Hutyra’s is the first study to forecast where the projected five billion new urbanites will live.

To spare the environment, Hutyra says, cities of the future should avoid urban sprawl and use environmentally friendly energy sources. “Unfortunately, there is no universal best formula for development,” she says. “Local availability, climate, ecology, and social preferences need to be considered for sustainable urban planning.”

The researchers, who looked at the history of urban growth and at population and gross domestic product forecasts by the United Nations and its Intergovernmental Panel on Climate Change, acknowledge the clouds in their crystal ball: “History has proven some past projections of population growth”—a key engine of urbanization—“to be grossly inaccurate, and there still remain large uncertainties around population-growth estimates.”

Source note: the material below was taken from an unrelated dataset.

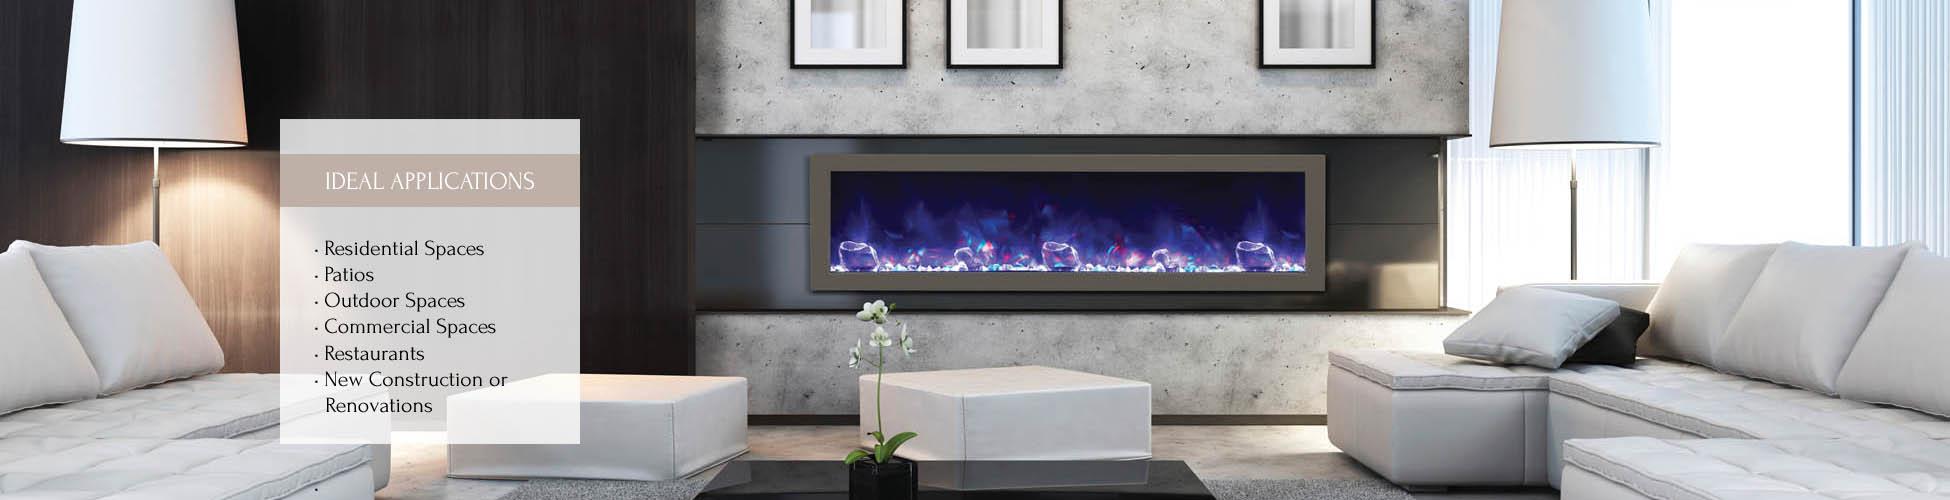 BI-60-SLIM electric fireplace by Amantii

Hutyra cites the 1968 best seller The Population Bomb, in which Stanford biologist Paul Ehrlich cautioned, in a way reminiscent of Chicken Little, that the 1970s would see mass starvation, rampant disease, and social turmoil from overpopulation. “Thankfully,” she says, “many of the predictions did not come to pass. Population growth rates and dynamics are notoriously difficult to predict as a whole, much less in a spatially specific manner,” as in her study.

The researchers note that their findings exclude another, potentially significant engine of Africa’s urbanization—the continent’s hard-to-measure black-market economy. They also didn’t study urbanization’s potential indirect hits to the environment. For example, city dwellers eat more meat than rural residents, and meat production requires vast energy production.

Hutyra’s bottom line: the future health of the planet is up to us.

“Our choices in where and how we develop our future cities will determine the environmental impacts,” she says. “We certainly have opportunities to change the future.”